Received 22 July 2014; Revised 31 October 2014; Accepted 28 November 2014; Published 14 December 2014

Academic Editor: Muhammad Shahab

Copyright © 2014 Juliana Gabriel Ribeiro de Andrade et al. This is an open access article distributed under the Creative Commons Attribution License, which permits unrestricted use, distribution, and reproduction in any medium, provided the original work is properly cited.

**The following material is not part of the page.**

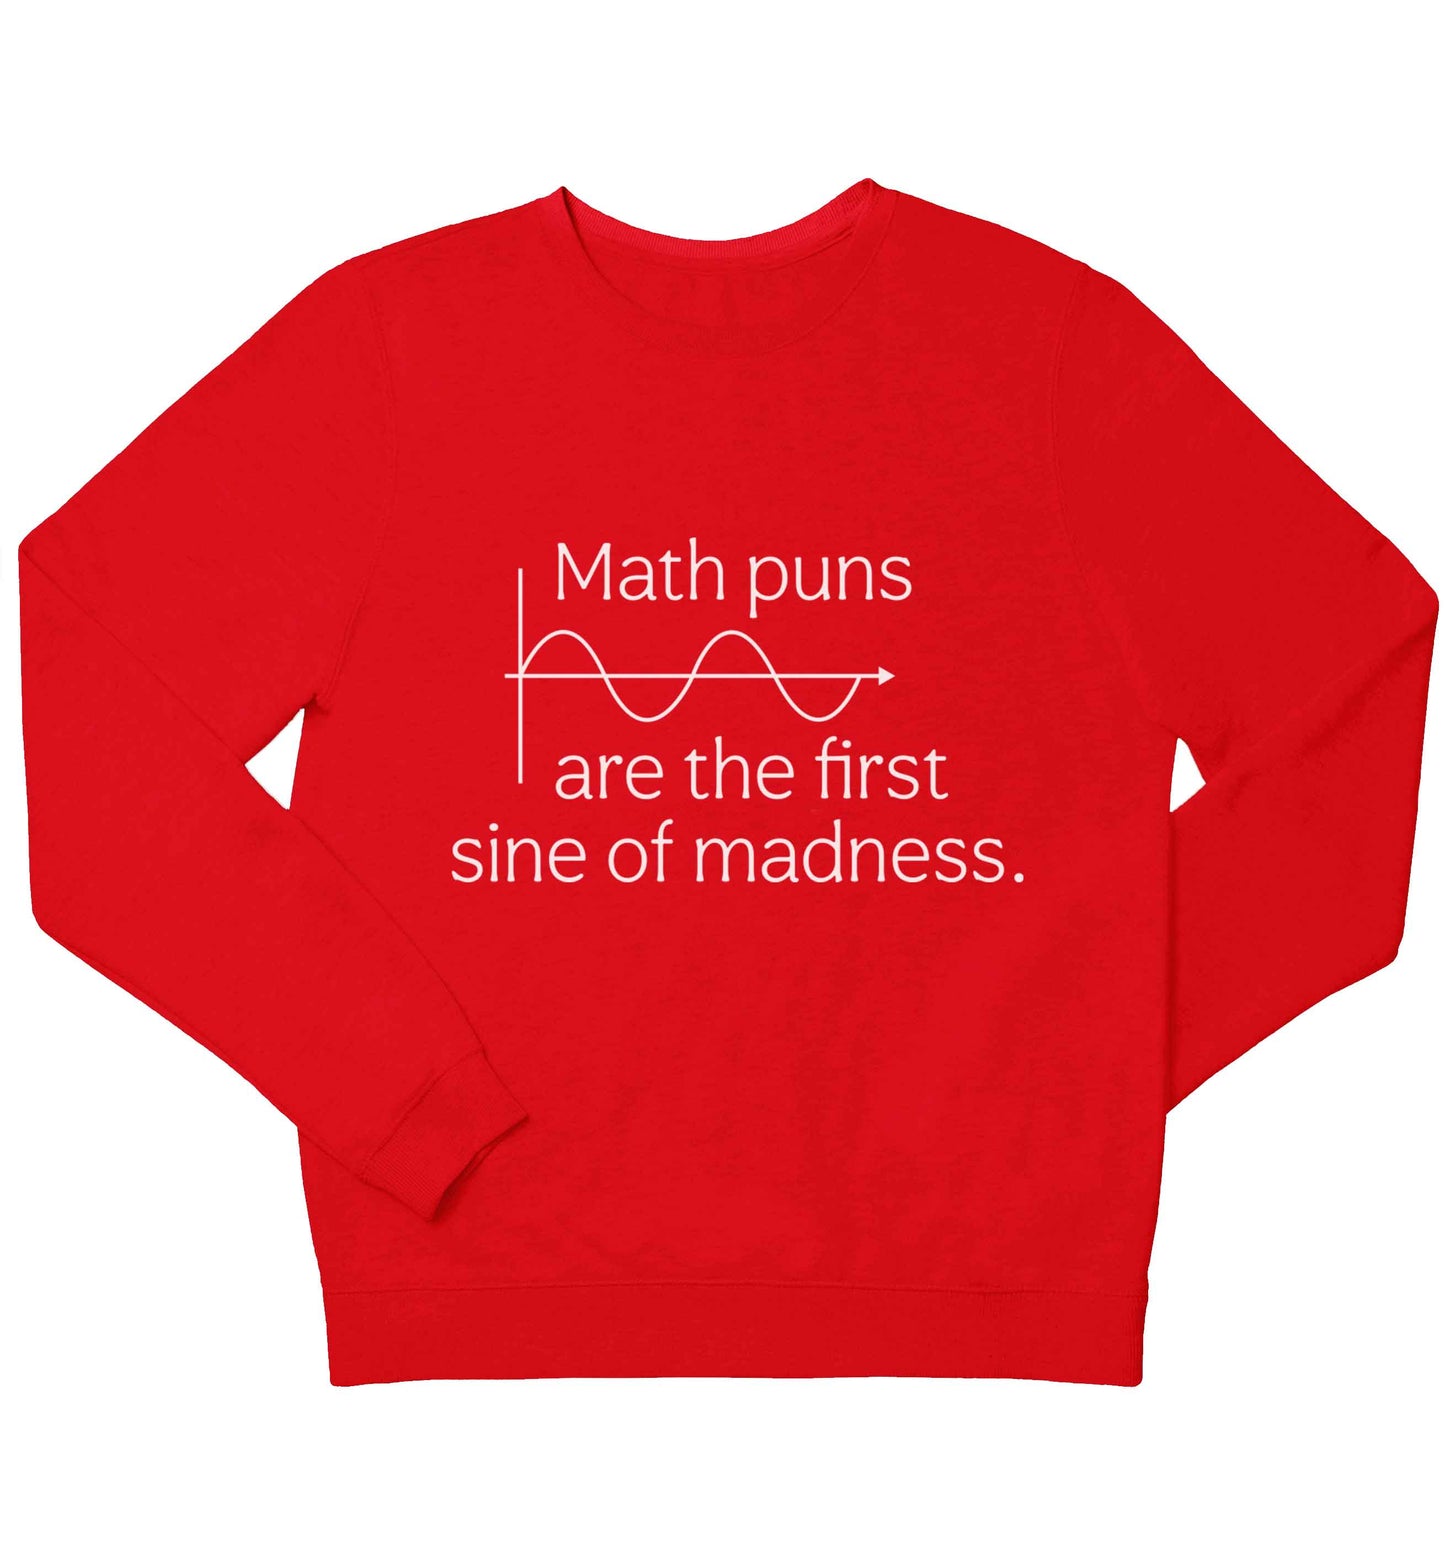 Math puns are the first sine of madness children's grey sweater 12-13 Years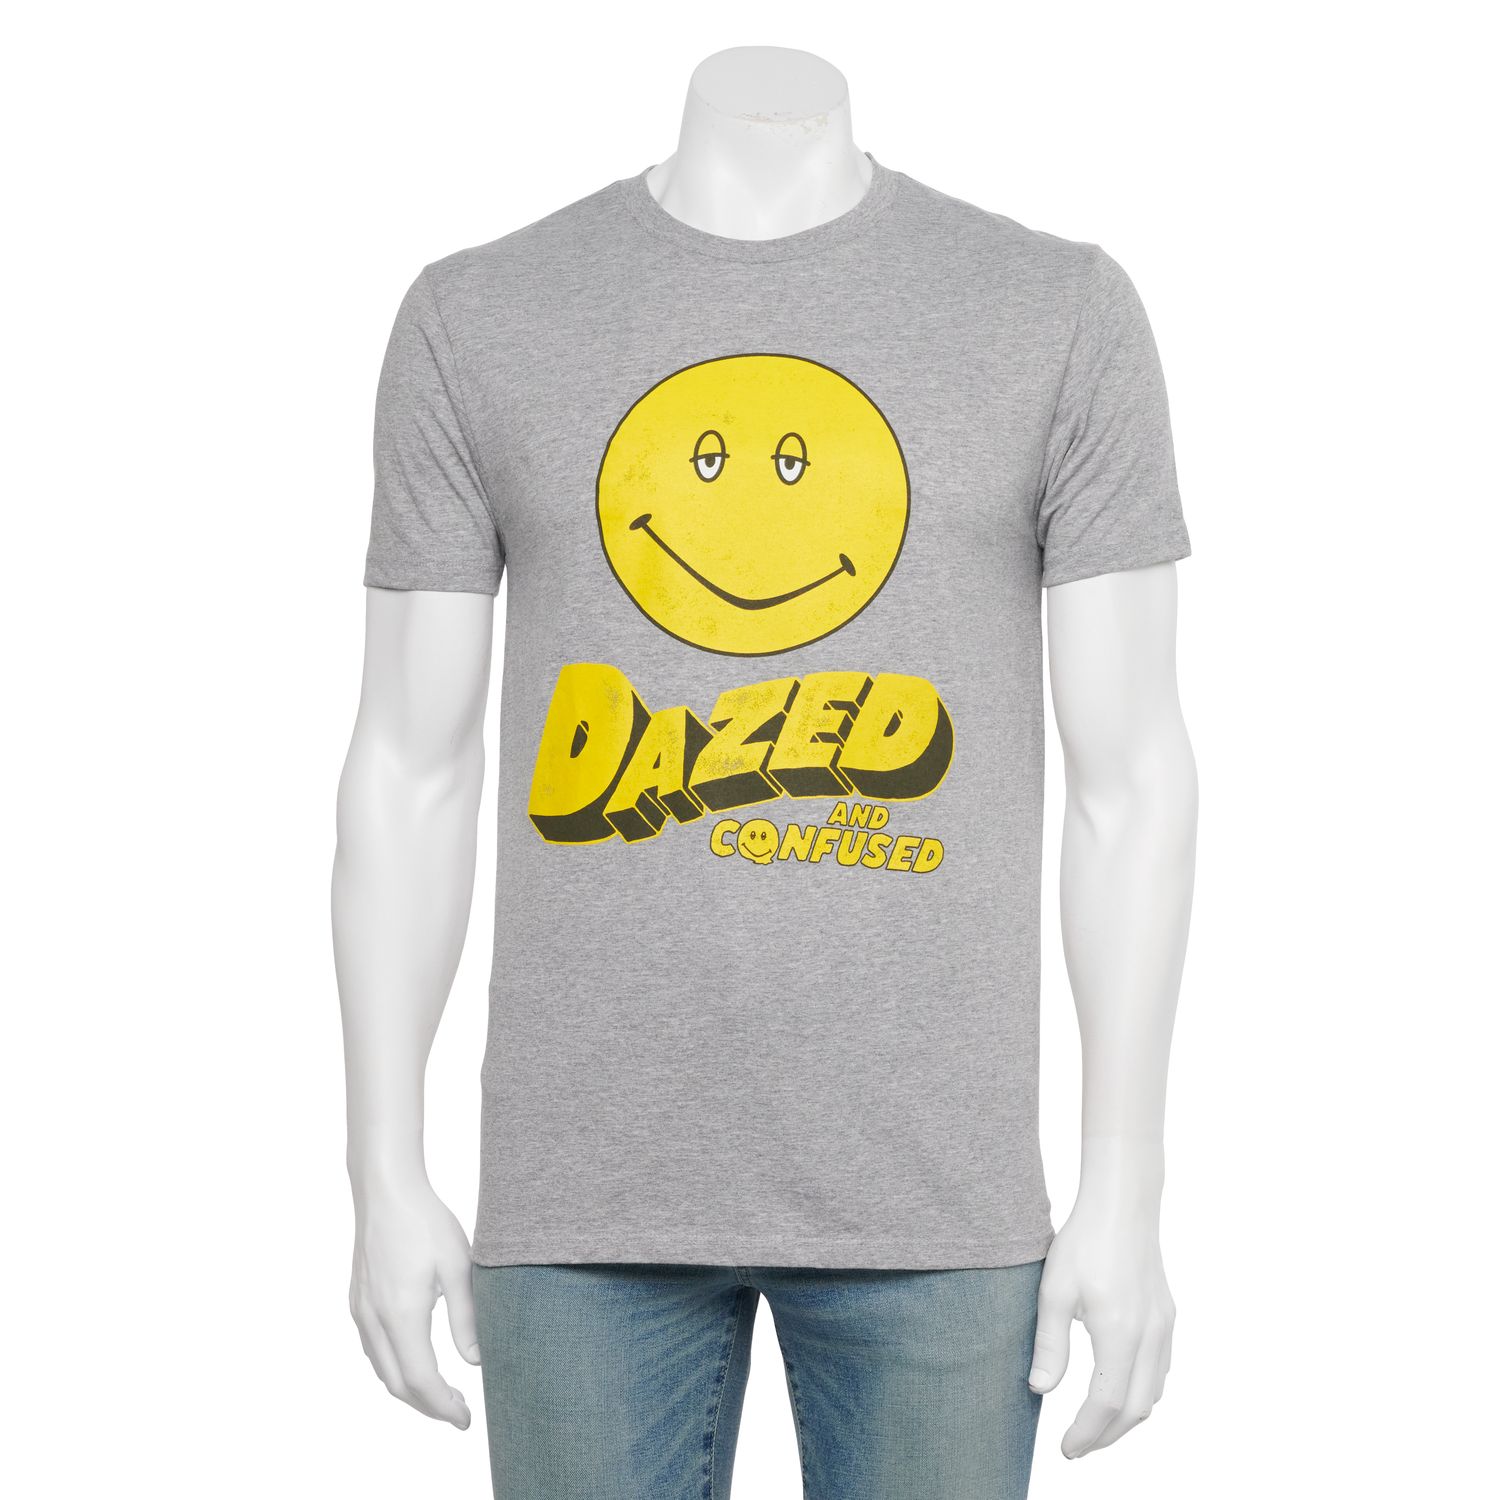 Image for Licensed Character Men's Dazed and Confused Tee at Kohl's.

Background/Aims. Studies on 46,XY partial gonadal dysgenesis (PGD) have focused on molecular, gonadal, genital, and hormone features; little is known about follow-up. Our aim was to analyze long-term outcomes of PGD. Methods. Retrospective longitudinal study conducted at a reference service in Brazil. Ten patients were first evaluated in the 1990s and followed up until the 2010s; follow-up ranged from 13.5 to 19.7 years. All were reared as males and had at least one scrotal testis; two bore NR5A1 mutations. Main outcomes were: associated conditions, pubertal development, and growth. Results. All patients had normal motor development but three presented cognitive impairment; five had various associated conditions. At the end of the prepubertal period, FSH was high or high-normal in 3/6 patients; LH was normal in all. At the last evaluation, FSH was high or high-normal in 8/10; LH was high or high-normal in 5/10; testosterone was decreased in one. Final height in nine cases ranged from −1.57 to 0.80 SDS. All had spontaneous puberty; only one needed androgen therapy. Conclusions. There is good prognosis for growth and spontaneous pubertal development but not for fertility. Though additional studies are required, screening for learning disabilities is advisable.